Senile pruritus (pruritus senilis) refers to persistent or recurring itching in older people, often without visible skin changes.
The cause of age-related itching is usually a combination of age-related skin changes, dry skin (xerosis cutis), slowed skin regeneration and a impaired skin barrier function. The itching frequently occurs on the extremities, on the back or on the flanks especially at night or after showering.
As we age, the activity of the sebaceous and sweat glands decreases, the skin becomes thinner, drier and loses its elastic structure.
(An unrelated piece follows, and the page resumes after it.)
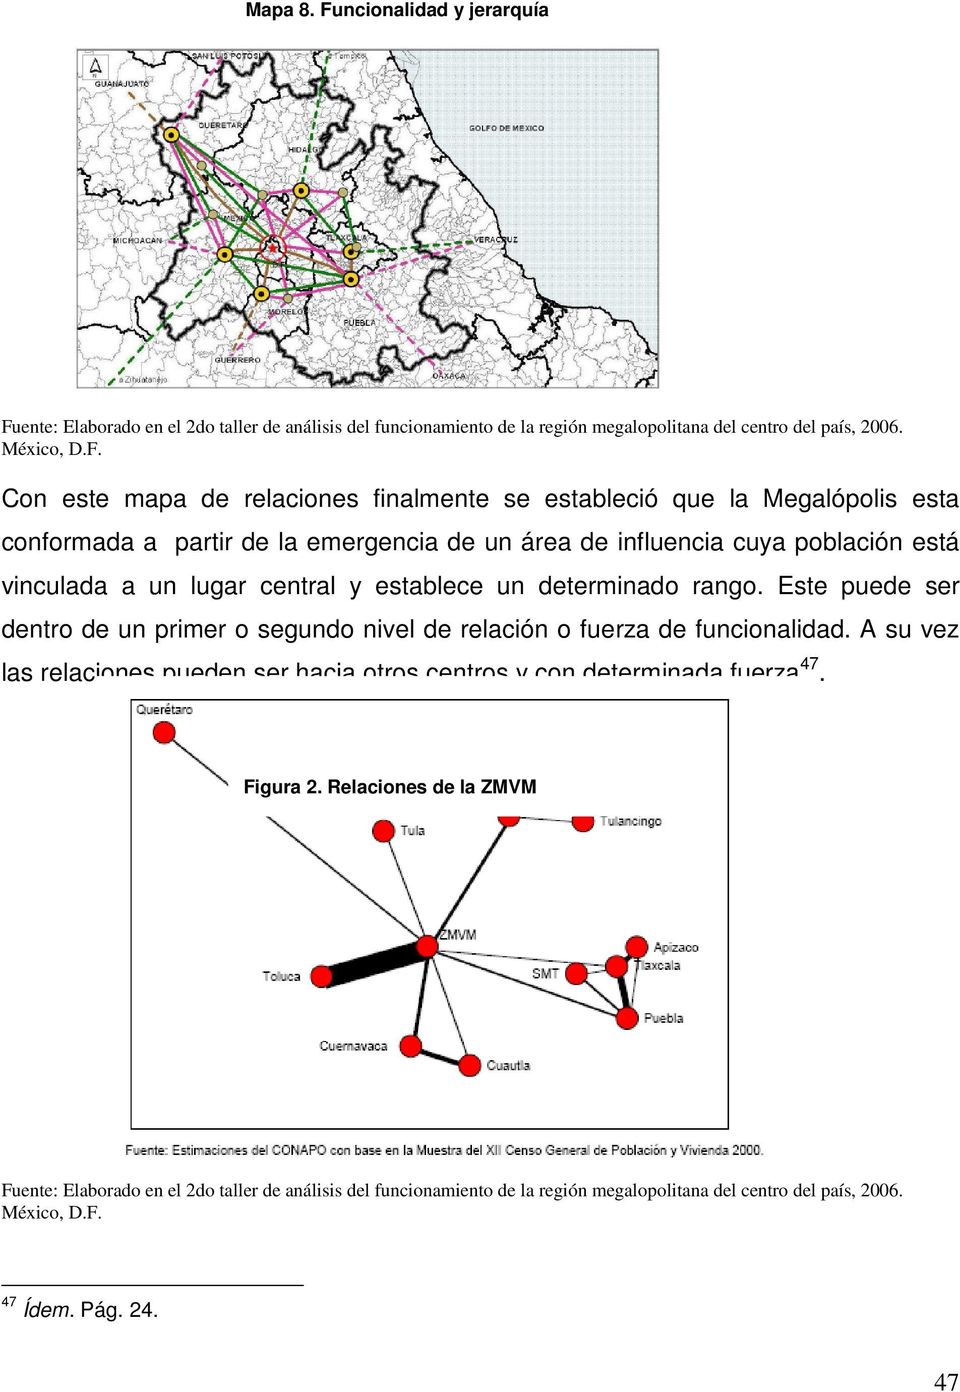 ente: Elaborado en el 2do taller de análisis del funcionamiento de la región megalopolitana del centro del país, 2006. México, D.F.

Also medications, liver or kidney diseases, diabetes, polypharmacy or neurodegenerative processes can favour age-related itching. In addition, the immune response changes with age, which results in increased sensitivity of the skin to irritation.
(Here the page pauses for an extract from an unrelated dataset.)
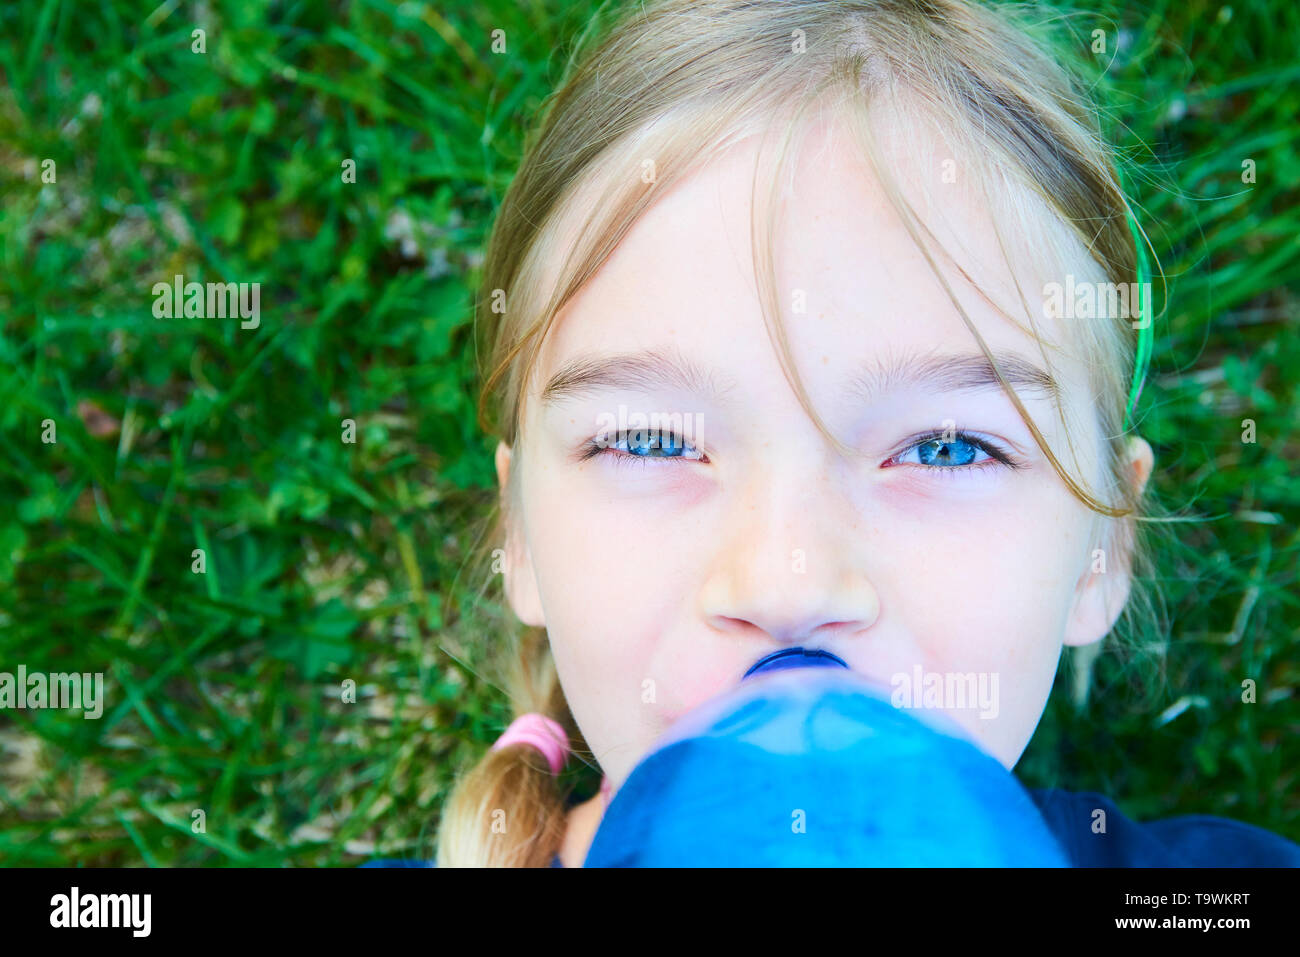 Close up portrait of girl adorable aux yeux bleus l'eau potable de la bouteille bleue en plastique avec fond de verdure Banque D'Images

Renourishing, fragrance-free skincare products help to alleviate skin-friendly cleansing substances, regular moisturisation and the use of inflammation-modulating micronutrients wie Omega-3-Fettsäuren, Zink, Vitamin D, Lactoferrin or Curcumin. It is also important to have possible underlying diseases or systemic causes clarified by a doctor - especially in the case of therapy-resistant or generalised pruritus.
Typical characteristics of senile pruritus:
- Sensation of dryness, fine scaling
- Intensification with heat, after bathing or at night
- frequently chronic course, with irritant scratch marks
- Not an allergy or skin disease in the narrower sense
Main causes in old age:
- Dry, oily skin due to age-related changes
- Slowed cell regeneration, thinning epidermis
- Multimedication, e.g. B. Diuretics, statins, ACE inhibitors
- Chronic underlying diseases (diabetes, renal/liver insufficiency)
- Neurological factors (e.g. polyneuropathy)
Soothing measures and micronutrients:
- Basic care with urea, ceramides, panthenol, without fragrances
- Lukewarm shower, no soap, apply cream immediately afterwards
- Omega-3, Zinc, Vitamin D, Curcumin, Lactoferrin for the regulation of skin immunity
- Antipruriginosa locally (e.g. polidocanol, menthol). e.g. polidocanol, menthol, capsaicin)
- If necessary antihistaminergic or neuroactive medication for severe itching
Literature references
- Weisshaar, E. et al. (2013): Pruritus in the elderly - clinical approaches. Clin Dermatol.
- Ständer, S. et al. (2019): Definition, classification and diagnosis of pruritus. Allergy.
- Yosipovitch, G. et al. (2007): Chronic pruritus in the elderly: pathophysiology and treatment. Drugs Aging.